**PROBLEM TO WORK ON:** What is needed is an exact copy of the data below, pictures excluded.

**DATASET SECTION:**
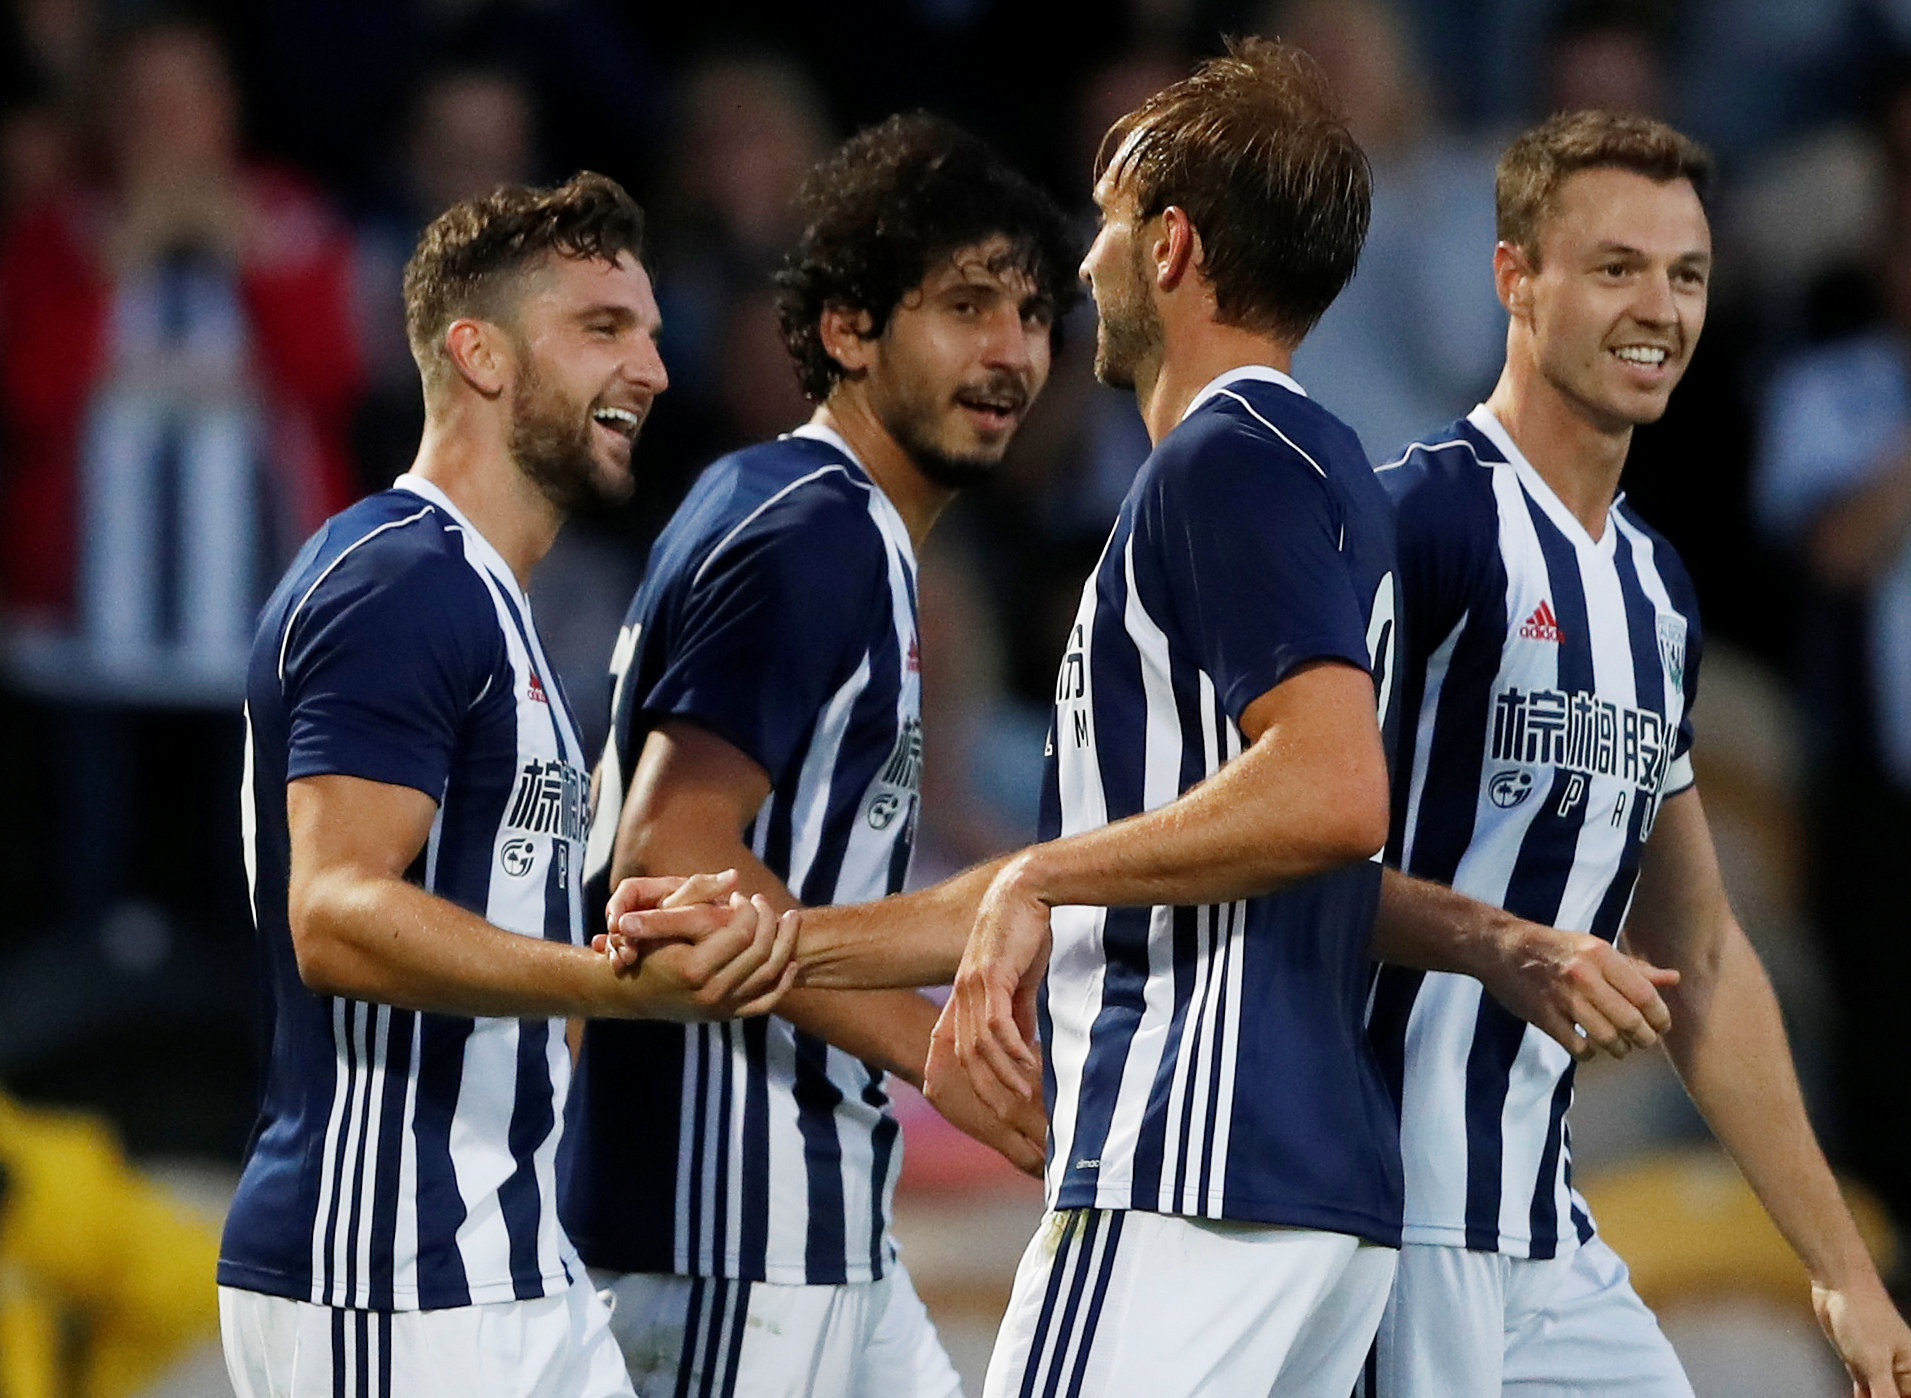 West Brom Transfers 2020 : West Brom New Player Signings 2020/21
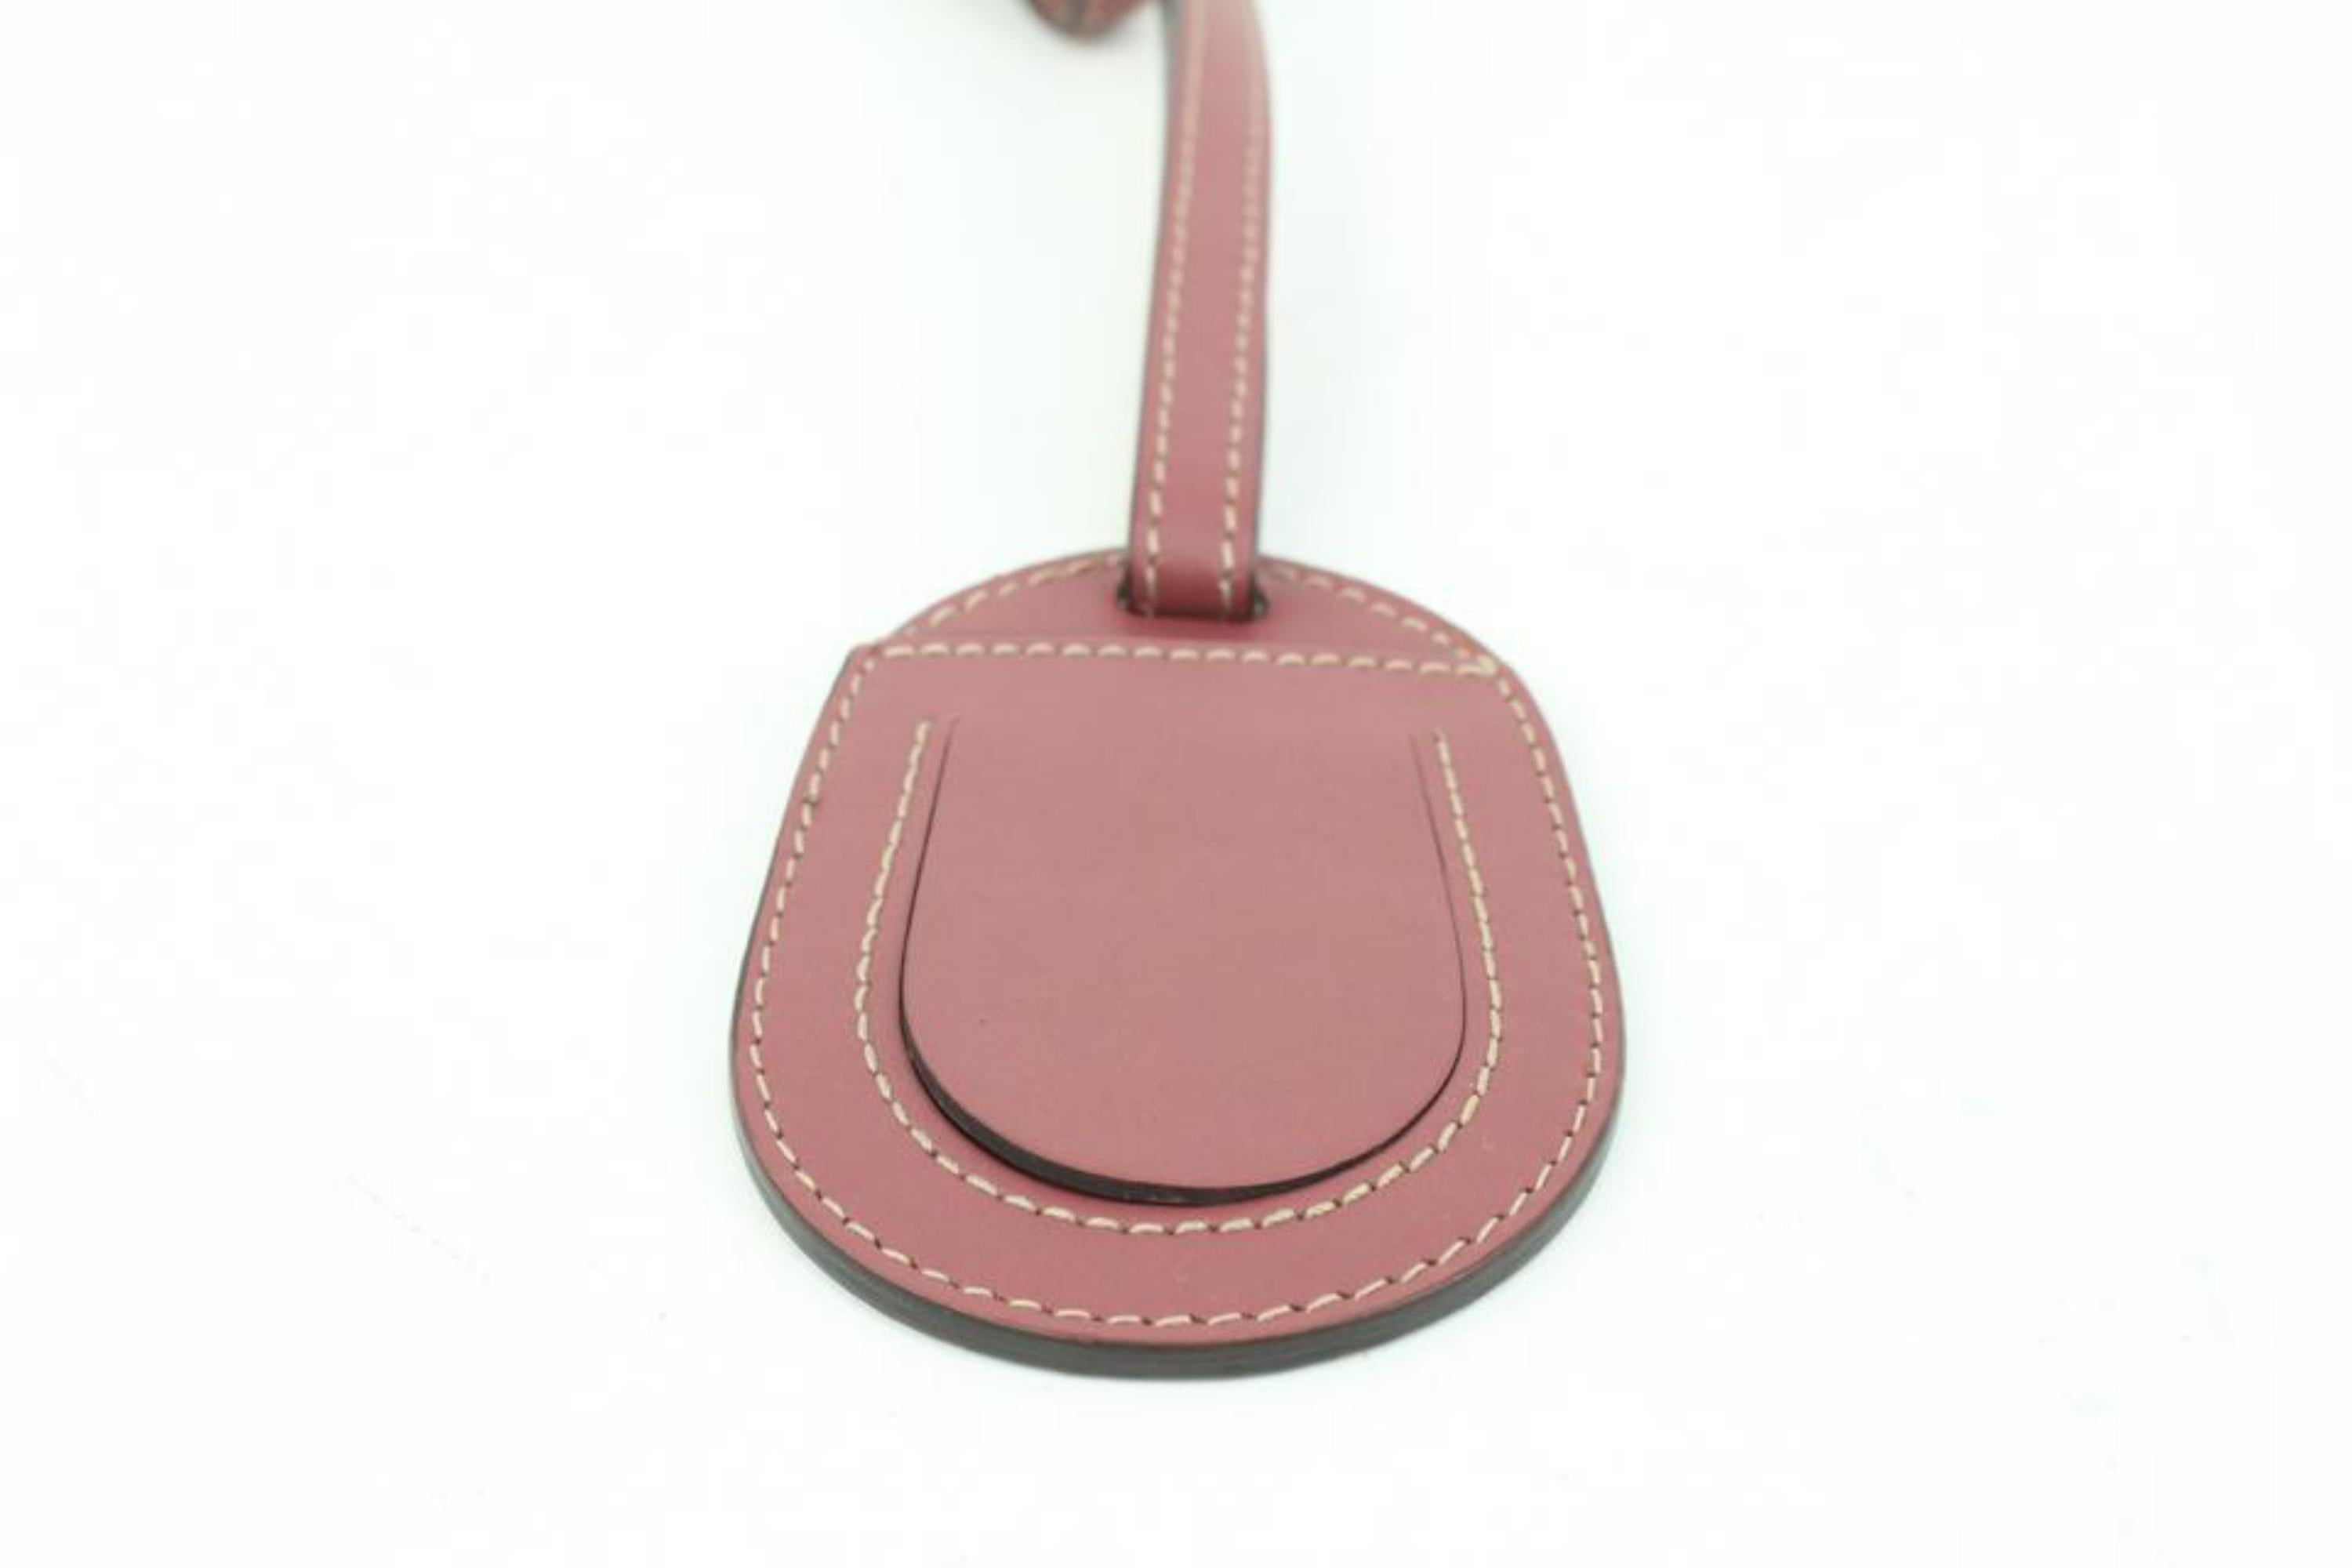 Gucci Mauve Clochette Luggage Tag from Reversible Supreme GG Tote 44g85
Made In: Italy
Measurements: Length:  2.4

**ANSWER BOX:**
 West Brom Transfers 2020 : West Brom New Player Signings 2020/21
 Gucci Mauve Clochette Luggage Tag from Reversible Supreme GG Tote 44g85
Made In: Italy
Measurements: Length:  2.4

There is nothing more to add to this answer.